Die Leistungsträger ermitteln in einem Bedarfsfeststellungsverfahren den Hilfebedarf des behinderten Menschen. Wer nun schon bisher bestimmte Leistungen bezogen hat und nur auf die Leistungsform des Persönlichen Budgets umsteigen möchte, der wird es bei dieser Umstellung relativ leicht haben, weil der Bedarf ja schon ermittelt wurde und feststeht. Von Wichtigkeit für diese Budgetnehmer ist die sogenannte Verpreislichung, also die Festlegung der Preise für den Ankauf bestimmter Leistungen. Handelt es sich jedoch um einen erhöhten Bedarf, dann teilt der Antragsteller dies dem Leistungsträger oder aber der Gemeinsamen Servicestelle mit. Und bei Neuanträgen kommt es zur Ermittlung des Bedarfs in Hilfeplan- oder Budgetkonferenzen, wie es auch der Fall wäre bei Leistungen, für die kein Persönliches Budget beantragt worden ist. An dieser Konferenz von allen beteiligten Leistungsträgern und eventuell auch der Gemeinsamen Servicestelle nimmt der Budgetnehmer und eventuell eine von ihm benannte Vertrauensperson gleichberechtigt teil. Innerhalb dieser Konferenzen erfolgt auch die Zusammenführung der Teilbudgets.

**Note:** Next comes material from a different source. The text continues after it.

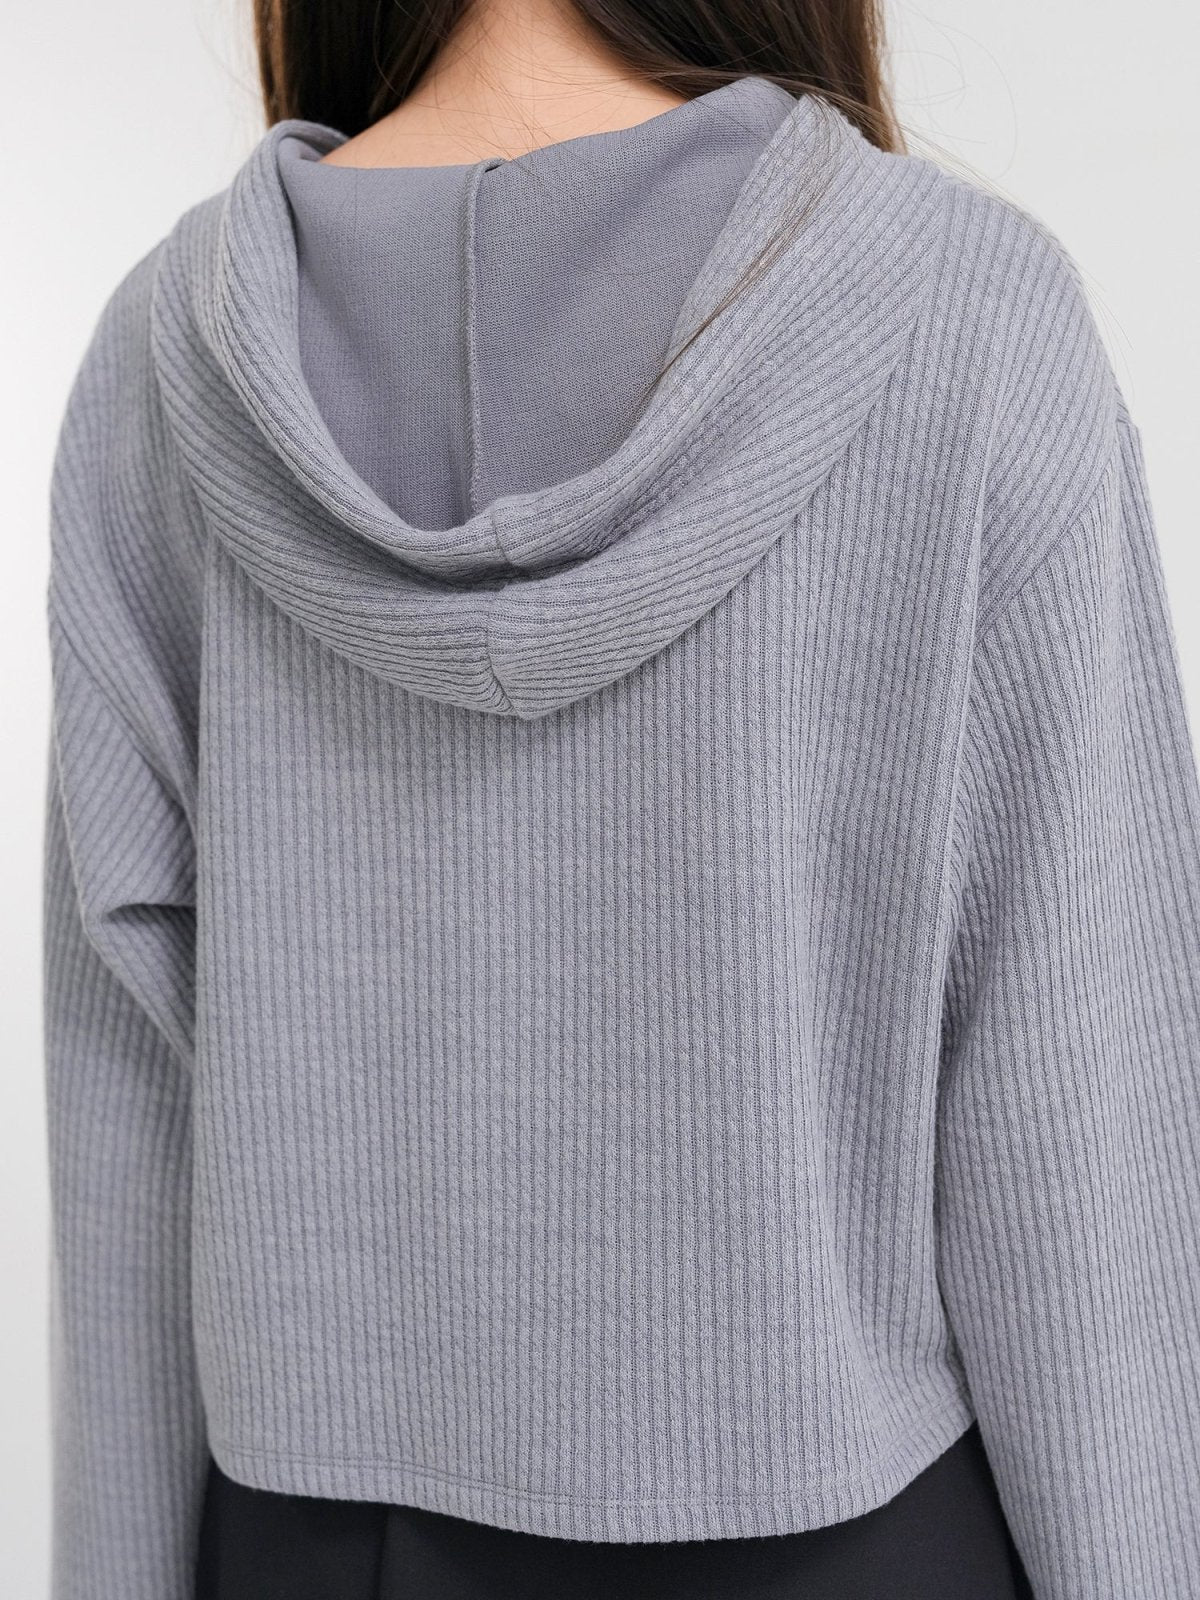 Hooded Knit Top - DAG-DD1367-24StoneBlueS - Stone Blue - S - D'zage Designs

Bestimmung des Beauftragten und seine Rolle

Die trägerübergreifende Koordinierung der Leistungserbringung liegt in der Verantwortung des Leistungsträgers, bei dem der Budgetantrag gestellt worden ist. Natürlich muss der Leistungsträger auch zumindest an einer Teilleistung für das Persönliche Budget beteiligt sein. Der Leistungsträger wird damit zum Beauftragten, welcher in der Pflicht steht, innerhalb zweier Wochen festzustellen, ob er auch für den Antrag zuständig ist. Zu Prüfen hat er dabei sowohl seine sachliche wie auch seine örtliche Zuständigkeit. Falls der Rehabilitationsträger nun feststellt, dass er nicht zuständig ist, dann leitet er den Antrag sofort an den Rehabilitationsträger weiter, der seines Erachtens für den Antrag zuständig gewesen wäre. Beauftragter für das Budgetverfahren kann nun werden zum einen der der neu eingeschaltete Leistungsträger oder aber der zuerst angesprochene Leistungsträger bleibt der Beauftragte. Den beteiligten Leistungsträgern steht es frei, in Abstimmung mit dem Budgetnehmer eine davon abweichende Regelung der Zuständigkeit zu treffen. Die genannten Regelungen haben auch Gültigkeit für Gemeinsame Servicestellen mit dem Rehabilitationsträger, dem die Gemeinsame Servicestelle zugeordnet ist.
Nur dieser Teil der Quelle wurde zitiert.